Читаем Денис Давыдов полностью

Сестра Бориса Четвертинского Мария Антоновна Нарышкина, которой, как было всем известно, в последнее время увлекся государь, встретив Дениса у себя вместе с братом, тотчас же спросила, сверкая обворожительной улыбкой:

— И зачем, Денисушка, друг мой сердечный, тебе так рисковать надо было? Этот старый олух сослепу, либо со страху, либо во гневе своем безумном пальнул бы в тебя из пистолета. И спросу с него не было бы... Слава богу, что все так обошлось. Надо было меня своим адвокатом избрать, — она с непринужденной кокетливостью чуть повела крутым обнаженным плечом, — может быть, желание твое давно бы и решилось. Нет, видно, и впрямь мне самой надобно о тебе похлопотать!..

Денис с немой благодарностью и восторгом поцеловал ее прелестную руку.

Через несколько дней Давыдов был вызван из Павловска радостной вестью: вернулся Евдоким. Он, конечно, тут же помчался в Петербург для свидания с братом.

В кавалергардских казармах уже вторые сутки шло празднество по поводу благополучного возвращения младшего Давыдова из французской неволи. Обмен пленными, как известно, был давным-давно завершен, однако Евдокиму вернуться на родину вместе с другими русскими до сей поры не позволяло состояние здоровья: под Аустерлицем во время знаменитой атаки кавалергардов он получил семь ран — пять сабельных, одну пулевую и одну штыковую. Эти раны, красноречиво свидетельствующие о его храбрости и мужестве в бою, и были причиной того, что в полк Евдоким Давыдов изо всех оставшихся в живых офицеров вернулся самым последним.

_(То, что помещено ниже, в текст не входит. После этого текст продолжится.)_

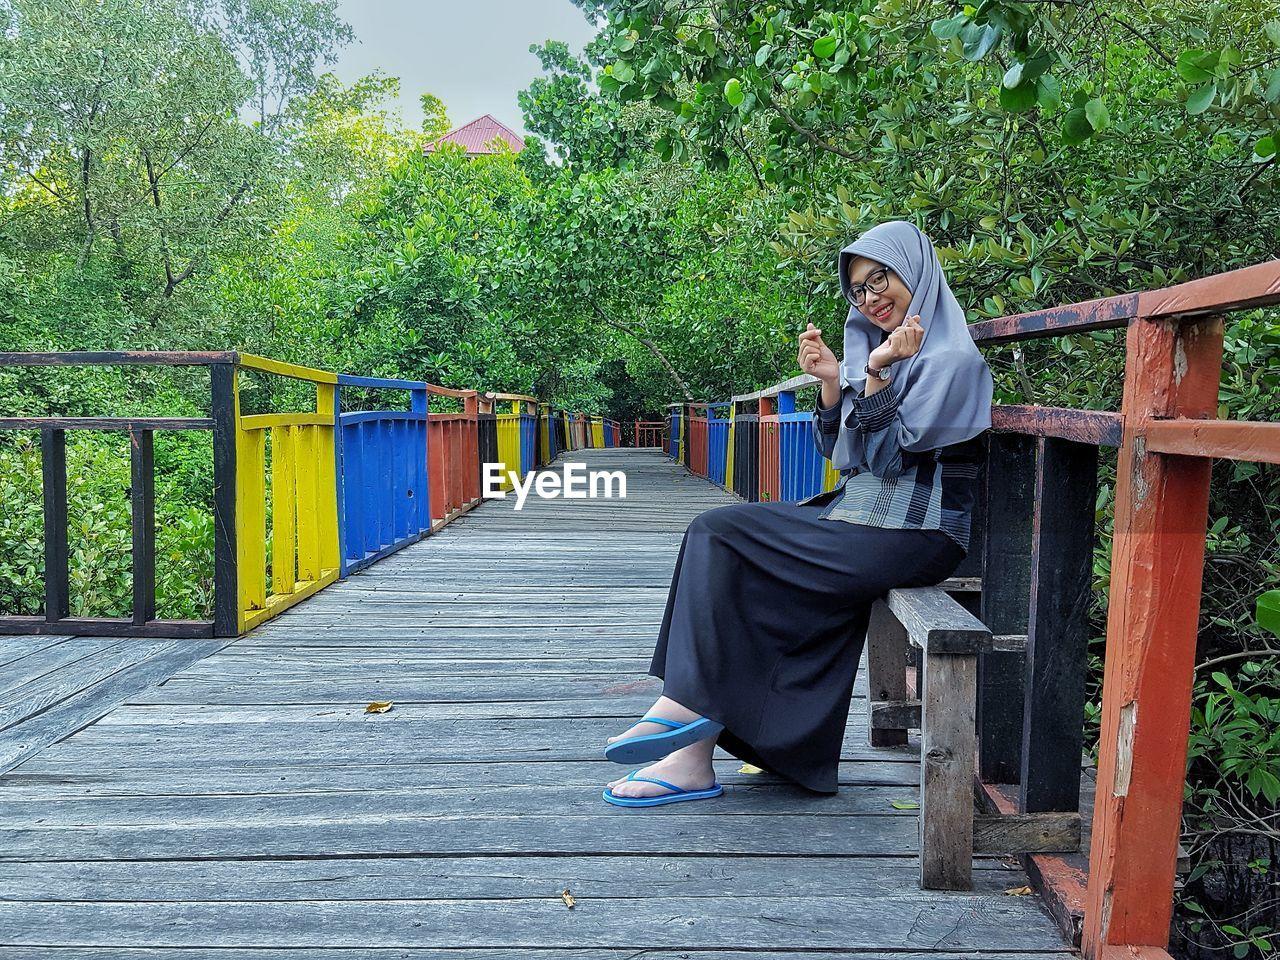 Portrait of smiling woman sitting on footbridge against trees

Теперь кавалергарды отдавали должное своему боевому товарищу. В обширной сводчатой зале офицерского собрания голубоватым огнем пылали пуншевые чаши, пенилось шампанское, клубился табачный дым и, почти беспрестанно, сменяя друг друга, заливались два хора песельников.

Евдоким, в новом, блестящем, с иголочки мундире, сидел в центре дружеского круга, неестественно бледный, похудевший, с левою рукою на черной шелковой перевязи, с лихорадочно горящими, глубоко запавшими глазами, видимо, безмерно усталый и безмерно счастливый.

Денис, сердечно обнявший и расцеловавший брата, был встречен всеобщими радостными кликами и тут же усажен за стол рядом с Евдокимом. От него начали требовать стихов.

— Погодите, господа, — улыбнулся Давыдов-старший, — все будет, и стихи, само собою, обещаю вам. Однако прежде хочу услышать о злоключениях младшего брата своего, о коих мне ничего не ведомо.

— Справедливо! — рассудили кавалергарды и в который уж, видимо, раз заставили Евдокима снова рассказать о том, что выпало на его долю после Аустерлица.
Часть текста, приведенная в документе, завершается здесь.